Forum Moderators: phranque

Message Too Old, No Replies

Filtering language subdirectory requests

         

PumaProd

5:41 pm on Nov 10, 2009 (gmt 0)

10+ Year Member



I have started to work with mod_rewrite and have succeeded in getting myself ... completely confused!
I have gone through the post from jdMorgan "Mod Rewrite: Stop Writing & Start Reading. Please!" and have tried to follow his recommendations.

Here is what I am trying to achieve - my site will have artificial language directories ie en and fr.
For example :
www.example.com/en/request
or
www.example.com/fr/request

What I am trying to do is to redirect to my language default if anything else is requested - ie:
www.example.com/de/request
should redirect to
www.example.com/en/request

After this has been done, my rewrite rule comes in to action :
RewriteRule ^(en¦fr)/(.*)$ $2?lang=$1

I am having big problems putting in place a condition which will test for two language code first level directory requests which are not en or fr.

The result was either no effect or internal server error - which is why I am not daring to post it here.

Having searched through the forum and read the documents indicated in the charter, I am still no further forward.

Can anyone help here ?

jdMorgan

6:44 pm on Nov 10, 2009 (gmt 0)

WebmasterWorld Senior Member 10+ Year Member



Actually, the post you cite was by TheMadScientist... Credit where credit is due. :)

Excluding requests for two-letter subdirectories which are not en¦fr should be quite simple. What have yo tried so far?

Jim

PumaProd

9:09 am on Nov 11, 2009 (gmt 0)

10+ Year Member



Hi Jim,

Here is what I am trying :
# validate that any language subdirectory request is valid
RewriteCond %{REQUEST_URI} ^!(en¦fr)
RewriteRule ^([^/]+)/(.+)$ /en/$2 [L]

Which allows all requests with en or fr to go through ok.
However, if I use another language code (ie de), I get a 404 not found response.

jdMorgan

1:22 pm on Nov 11, 2009 (gmt 0)

WebmasterWorld Senior Member 10+ Year Member



There are several problems in the RewriteCond, but otherwise the method is sound. The negation "!" must be done outside the pattern (it is a mod_rewrite operator, not a regex token), and unlike the URL-paths examined by RewriteRule, the URL-paths examined by RewriteCond %{REQUEST_URI} will always start with a slash:

# Internally rewrite subdirectory requests other than /en or /fr to force /en
RewriteCond %{REQUEST_URI} !^/(en¦fr)/
RewriteRule ^[^/]+/(.+)$ /en/$1 [L]

-or alternately-

# Internally rewrite subdirectory requests other than /en or /fr to force /en
RewriteCond $1 !^(en¦fr)$
RewriteRule ^([^/]+)/(.+)$ /en/$2 [L]

(Here we make use of the fact that RewriteRule has already done the work to 'capture' the initial URL-path-part, and we can refer to it as $1.)

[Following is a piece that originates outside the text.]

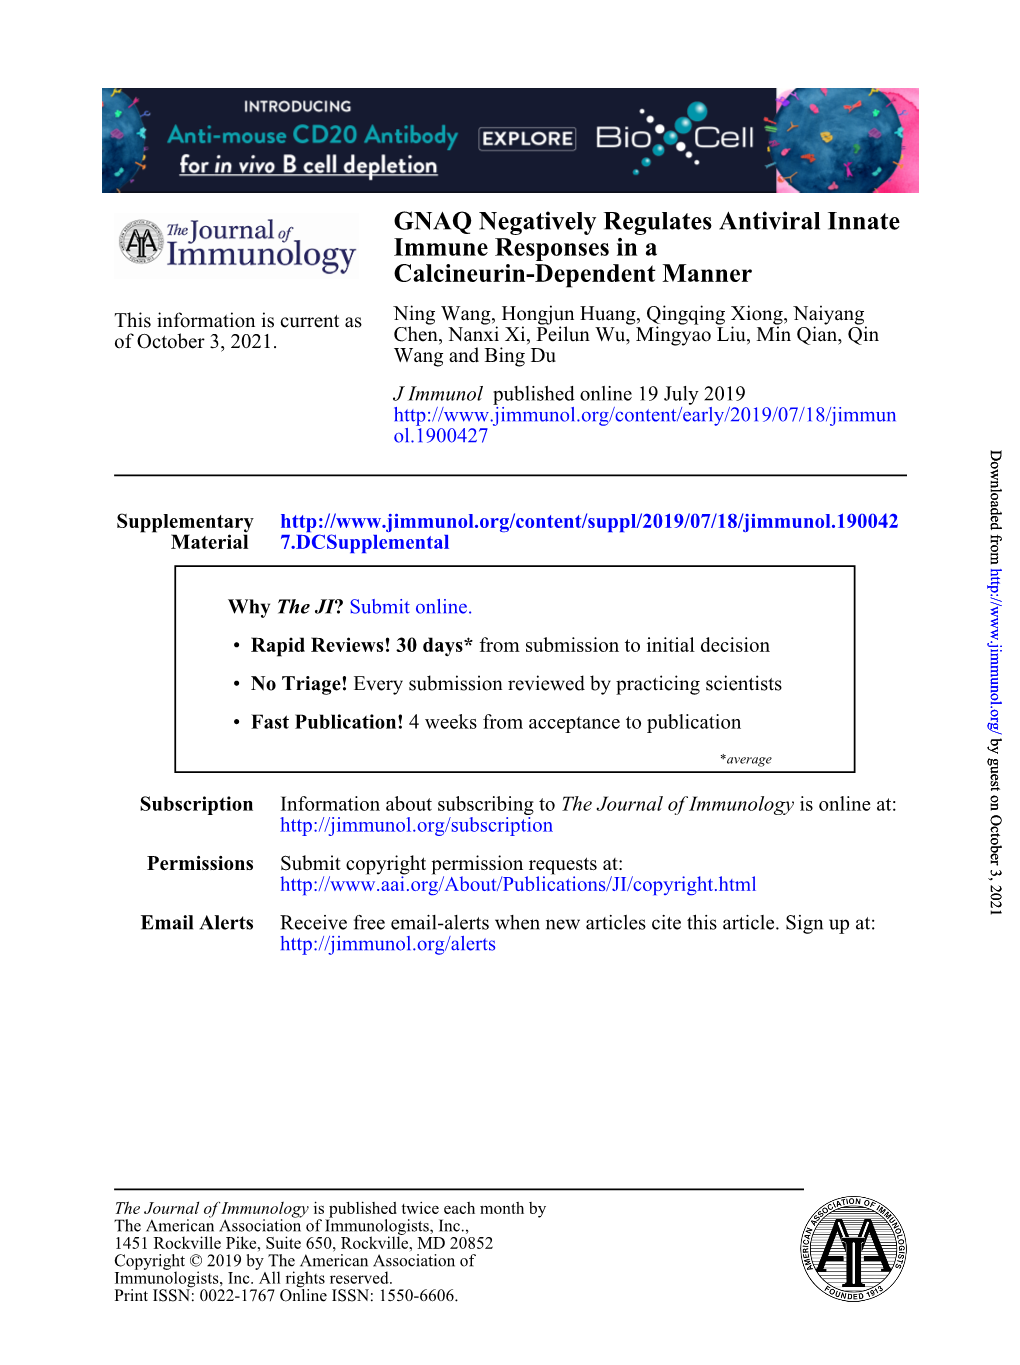 GNAQ Negatively Regulates Antiviral Innate Immune Responses in a Calcineurin-Dependent Manner

You might want to consider, however, that this code now "outlaws" the use of any subdirectories except for /en and /fr. This will likely be a problem if your site is successful and grows, since you'll have to keep all content in either /en, /fr, or root. What about 'shared' resources, such as images, scripts, and CSS stylesheets -- do you really want to have to keep all of this in the root, or to have to duplicate it into the language subdirectories? There are also some "well-known-location" subdirectories such as the "/w3c" subdirectory for privacy-policy file storage that will break with this rule.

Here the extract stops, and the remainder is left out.